*** Opening of Supplied material ***

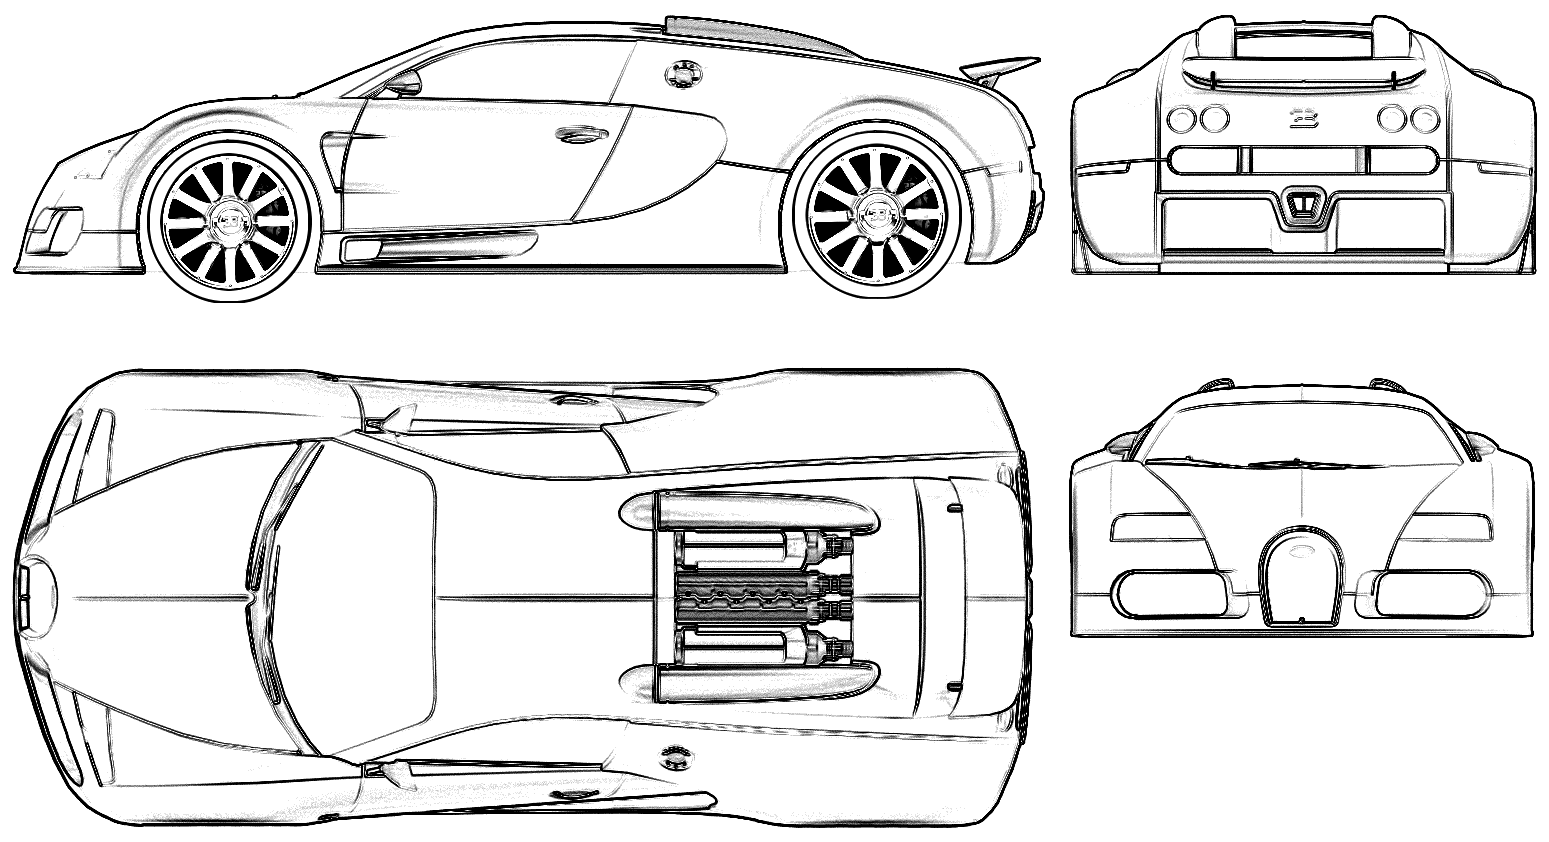 Bil Bugatti 16-4 Veyron
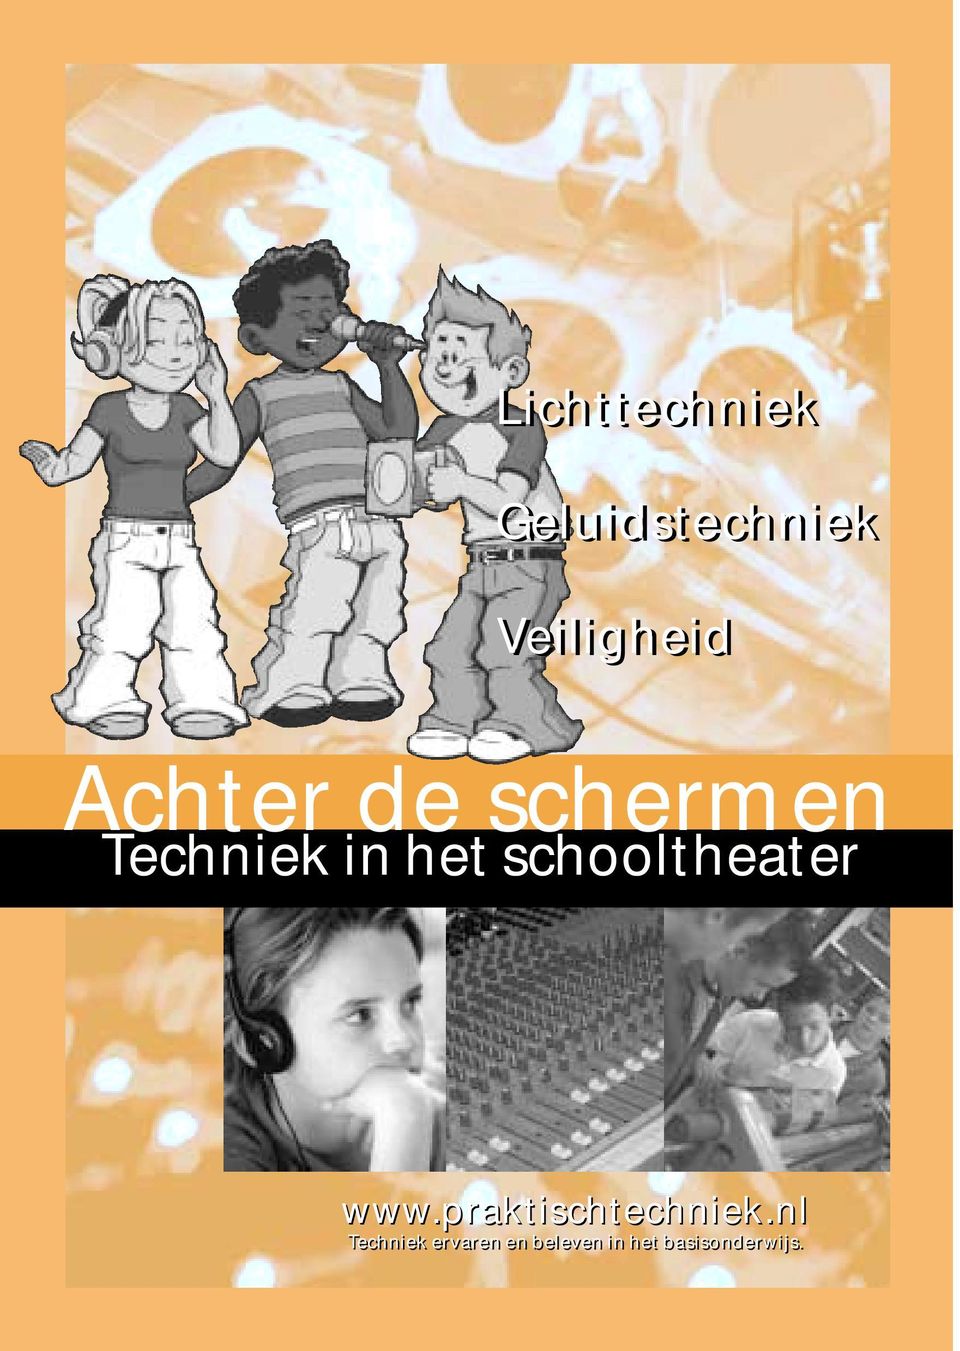 schooltheater www.praktischtechniek.
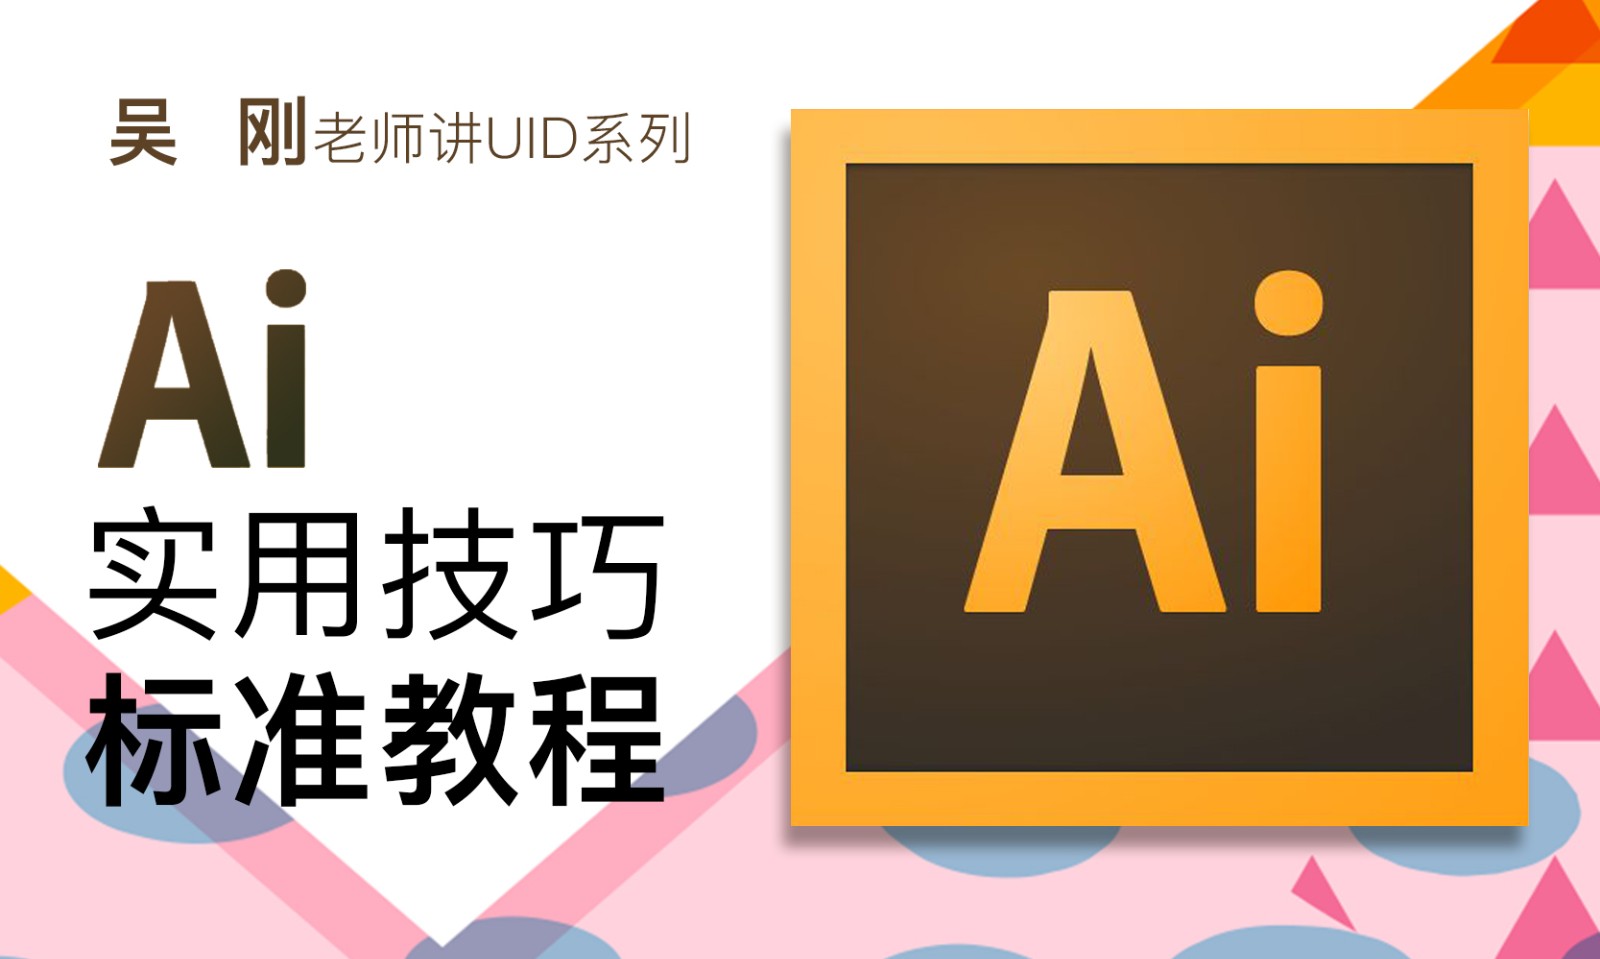 【吴刚大讲堂】AI(Adobe Illustrator)软件应用标准视频教程
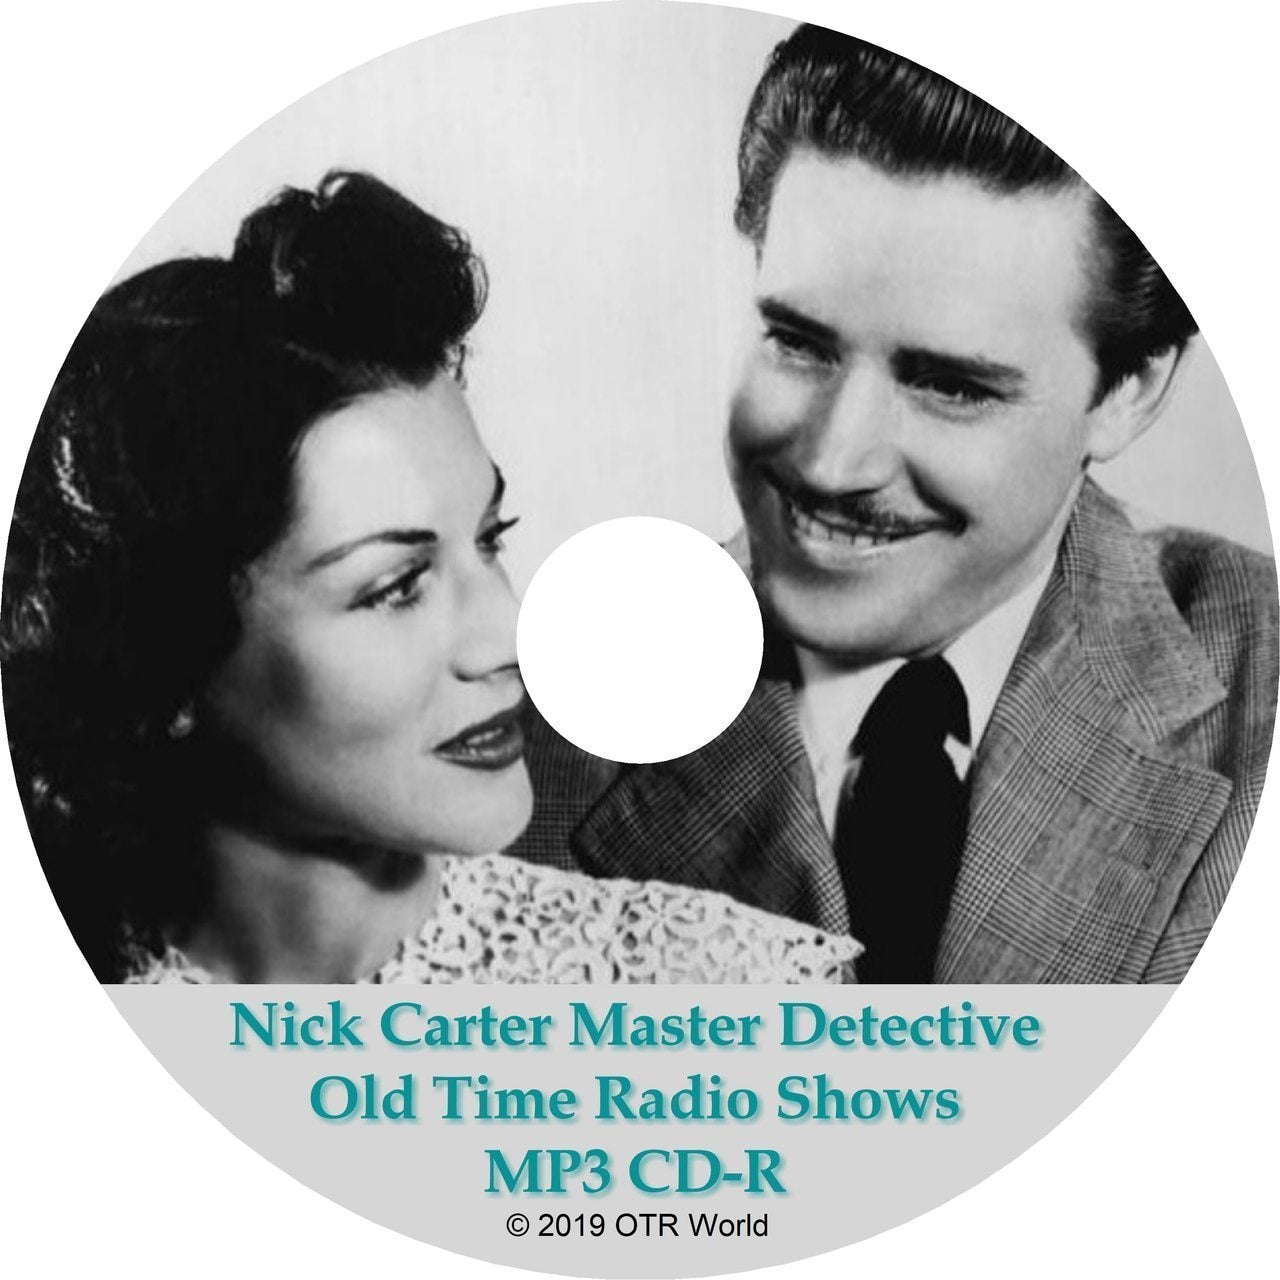 Nick Carter Master Detective OTR MP3 On 2 CD-R 143 Episodes

*** Close of Supplied material ***

**What you will do**
Write the material out again exactly. Do not include the pictures.

**Response area**
 Bil Bugatti 16-4 Veyron
 schooltheater www.praktischtechniek.
 【吴刚大讲堂】AI(Adobe Illustrator)软件应用标准视频教程
 Nick Carter Master Detective OTR MP3 On 2 CD-R 143 Episodes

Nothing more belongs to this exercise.